Working data:
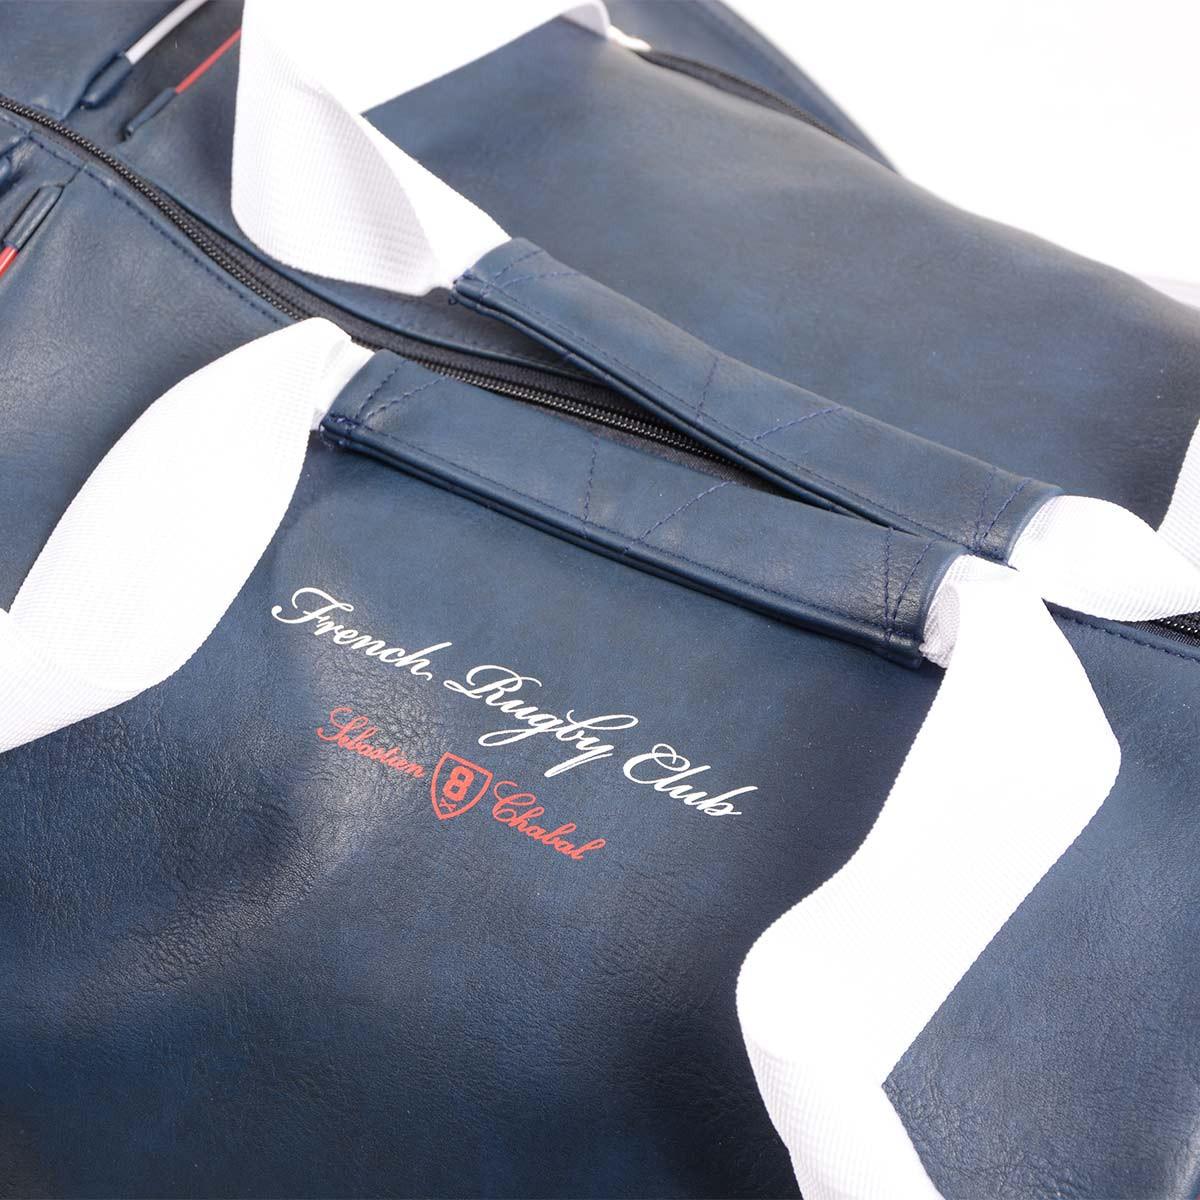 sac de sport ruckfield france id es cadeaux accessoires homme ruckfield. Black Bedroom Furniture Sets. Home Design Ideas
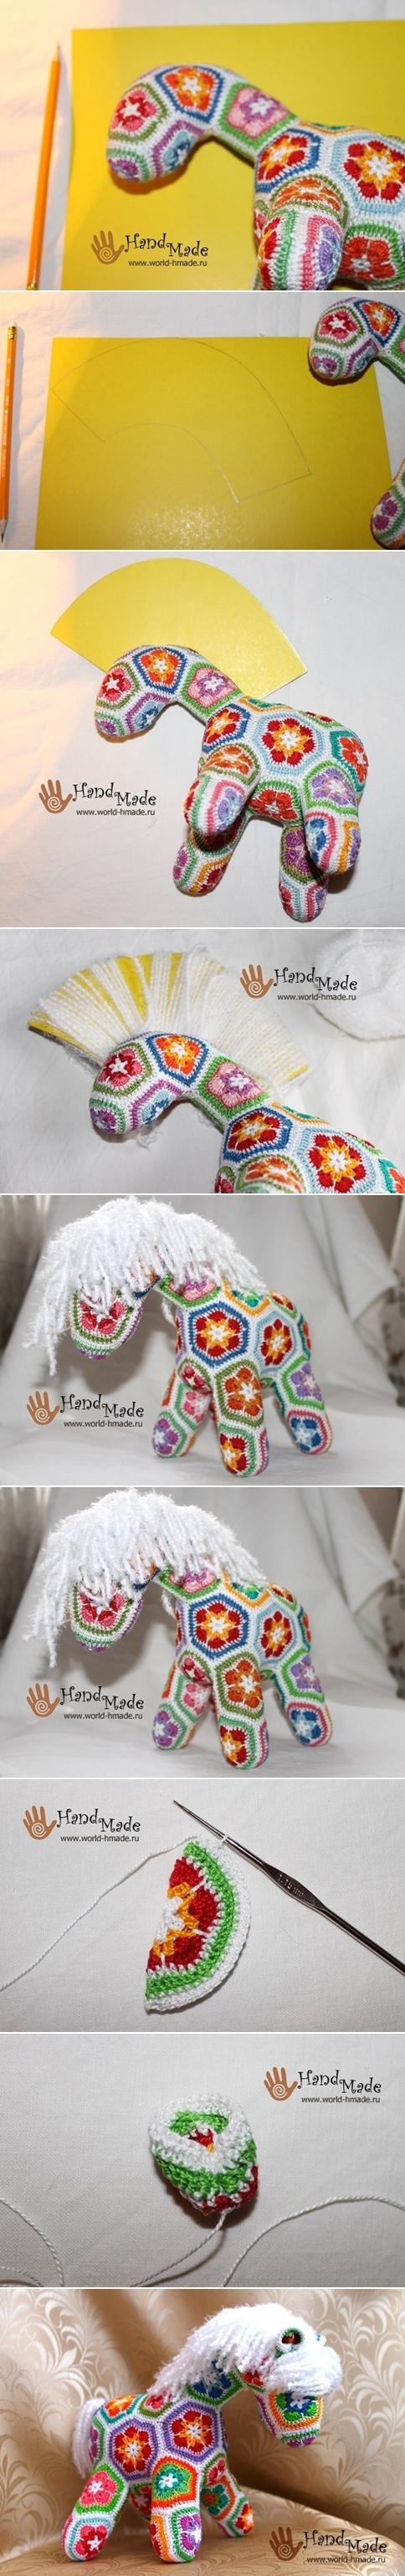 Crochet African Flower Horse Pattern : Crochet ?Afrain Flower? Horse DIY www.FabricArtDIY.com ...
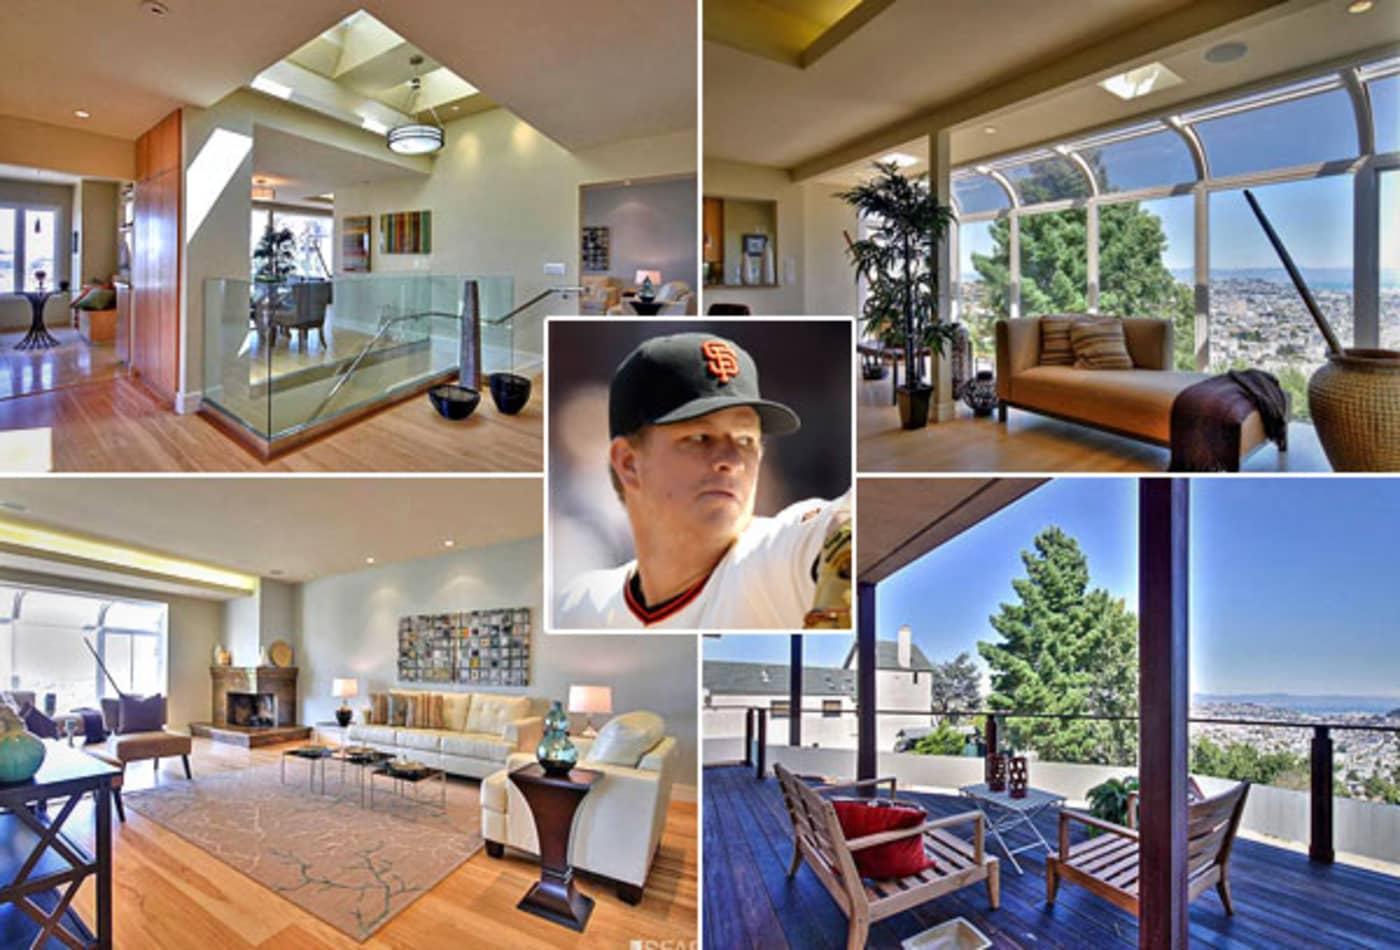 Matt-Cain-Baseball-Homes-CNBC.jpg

--

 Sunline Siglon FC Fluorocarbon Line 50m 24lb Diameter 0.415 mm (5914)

* * *

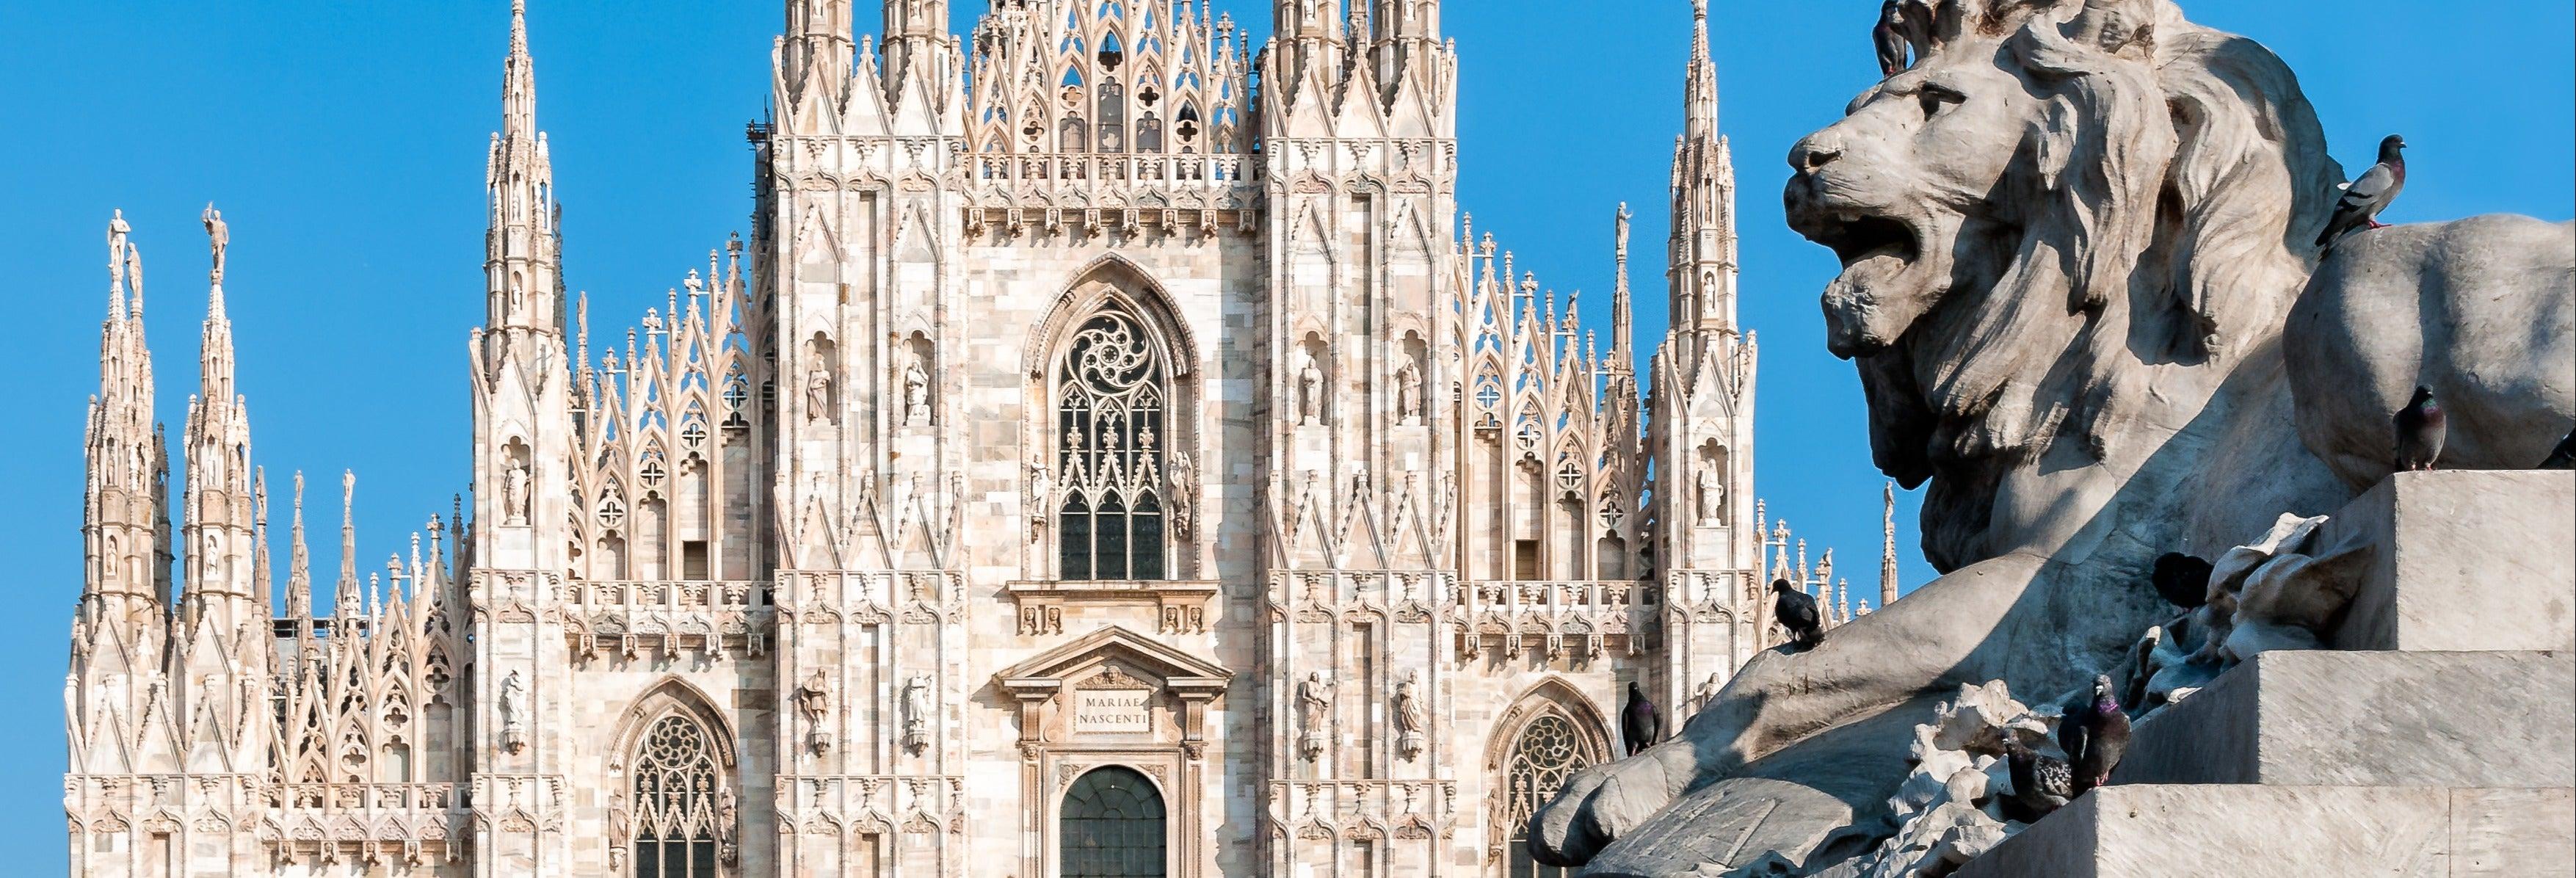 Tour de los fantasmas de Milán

Exercise aim:
All lines above starting at the one with "sac de sport" and ending at the one with "Matt-Cain-Baseball-Homes-CNBC.jpg", inclusive, are to be printed again exactly, with the pictures left out.

Final answer:
 sac de sport ruckfield france id es cadeaux accessoires homme ruckfield. Black Bedroom Furniture Sets. Home Design Ideas
 Crochet African Flower Horse Pattern : Crochet ?Afrain Flower? Horse DIY www.FabricArtDIY.com ...
 Matt-Cain-Baseball-Homes-CNBC.jpg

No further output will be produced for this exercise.